Tiger Woods by Jeff Benedict and Armen Keteyian
Tiger Woods was always destined to be a great golfer, said Giles Smith in The Times. His father, Earl, a Vietnam veteran and an instructor in “military science and tactics”, drilled him from a very early age (an approach he dubbed “the Woods Finishing School”). When Tiger was a baby, his high chair was moved to the garage so he could “watch golf balls being hit into a net”. From the time he could wield a golf club, he was forced to practise two hours a day and Earl would tape motivational messages to his bedroom wall: “I believe in me”; “I am first in my resolve”. All this enabled Woods to bypass the “traditional, white, moneyed” route to golfing success and become the sport’s first black superstar, amassing 14 majors, 79 PGA Tour events and £110m in prize money. Yet while his golf “spoke magnificently for itself”, the man who played it remained “bafflingly remote”. As the authors of this “unstinting” biography put it, he was “invisible in plain sight”.
In 2009, the world finally discovered why, said Dwight Garner in The New York Times. On the day after Thanksgiving, high on sleeping pills, Woods “groggily” crashed his SUV into a fire hydrant outside his home while trying to flee his wife, who had “learnt of his adultery”. In fact, as became clear, she “didn’t know the half of it: Woods’s paramours (strippers, waitresses, neighbours) began popping up from behind every swizzle stick”. Since then, the “greatest athlete of our time” hasn’t won a single major tournament, and his injury-racked career has nosedived badly (though just recently, it has shown signs of reviving). Based on 250 interviews, this confident biography brings “grainy new detail” to almost every aspect of its subject’s life.
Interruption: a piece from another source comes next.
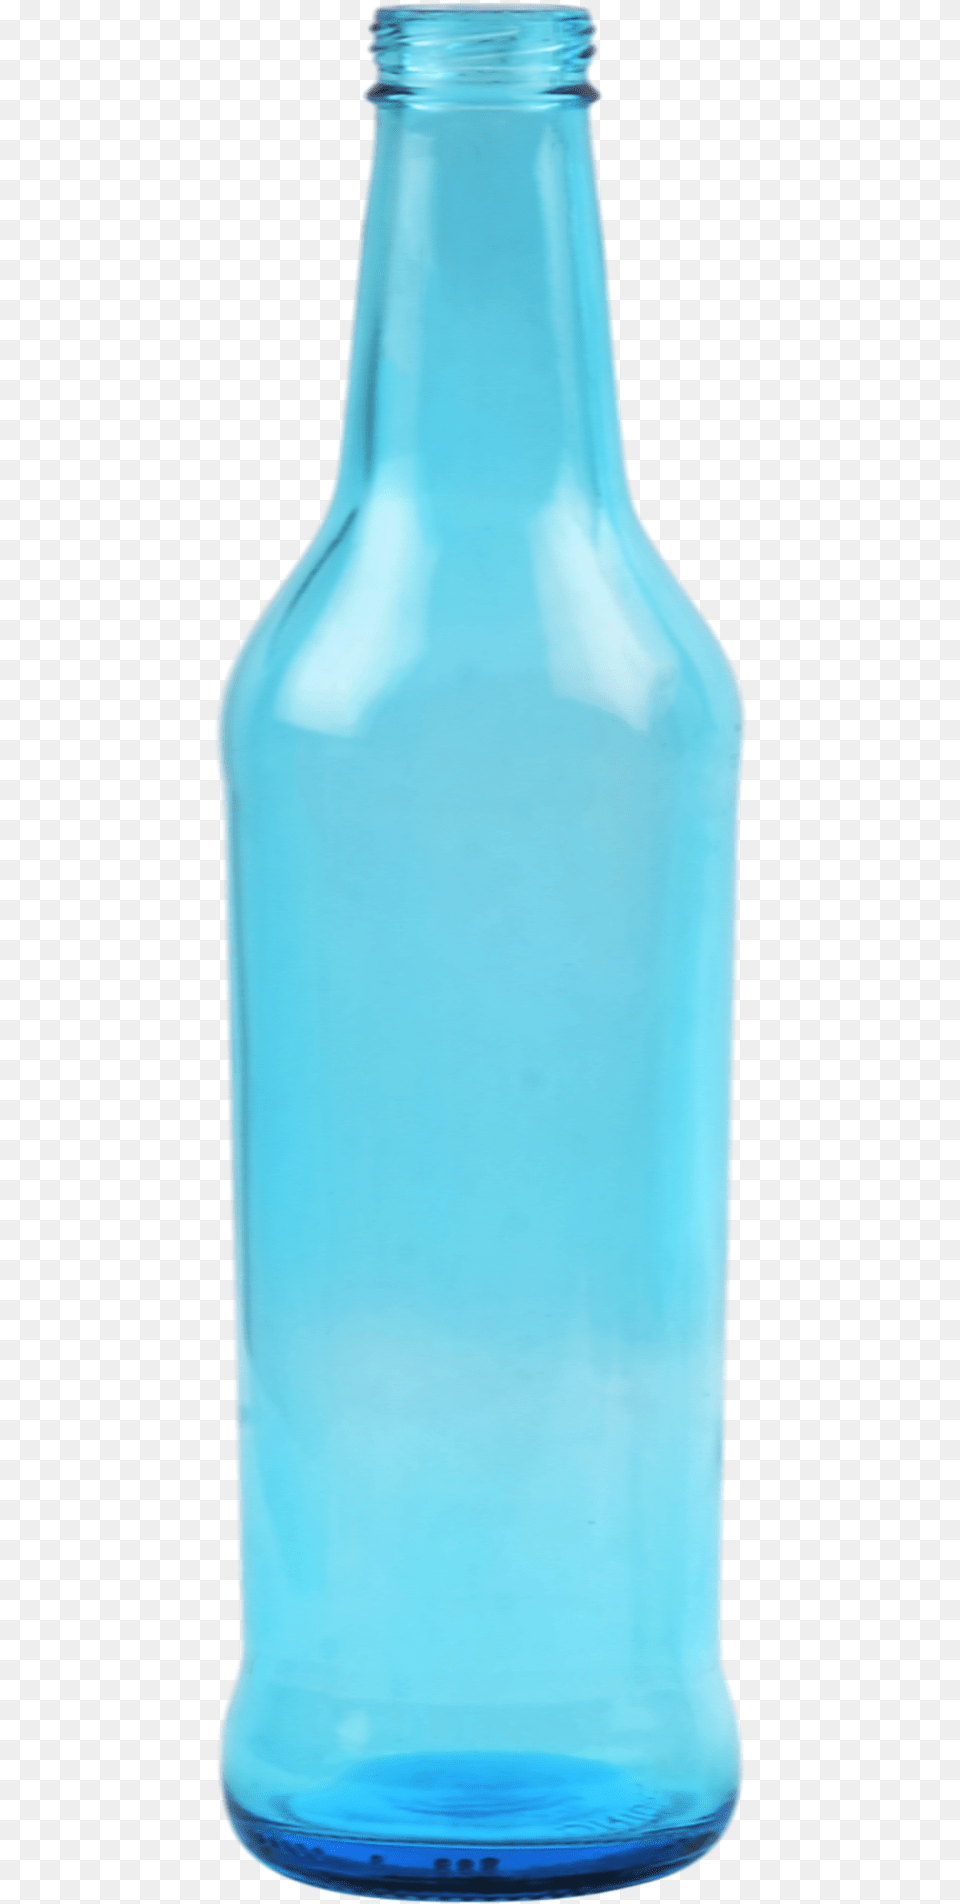 Glass Bottle, Jar, Alcohol, Beer, Beverage Free Png Download

Woods, it transpires, wasn’t just a sex addict and a liar, he was also “a horrible human being”, said Jim White in The Mail on Sunday: “spoilt, entitled, utterly self-obsessed”. But he has never been stupid. So why did he jeopardise his “carefully honed image” by indulging in “absurdly risky behaviour” – not just the relentless womanising, but also a series of secret parachute jumps that badly damaged his back. Benedict and Keteyian offer an “intriguing” answer: Woods, they suggest, “needed the impetus of his double life to stimulate his golf”. The theory certainly explains why, ever since his comeback – after therapy, which allowed him to understand “how vile he had been to those close to him” – his performances have been so mediocre. It seems that “the more human he becomes, the less effective Tiger Woods is as a golfer”.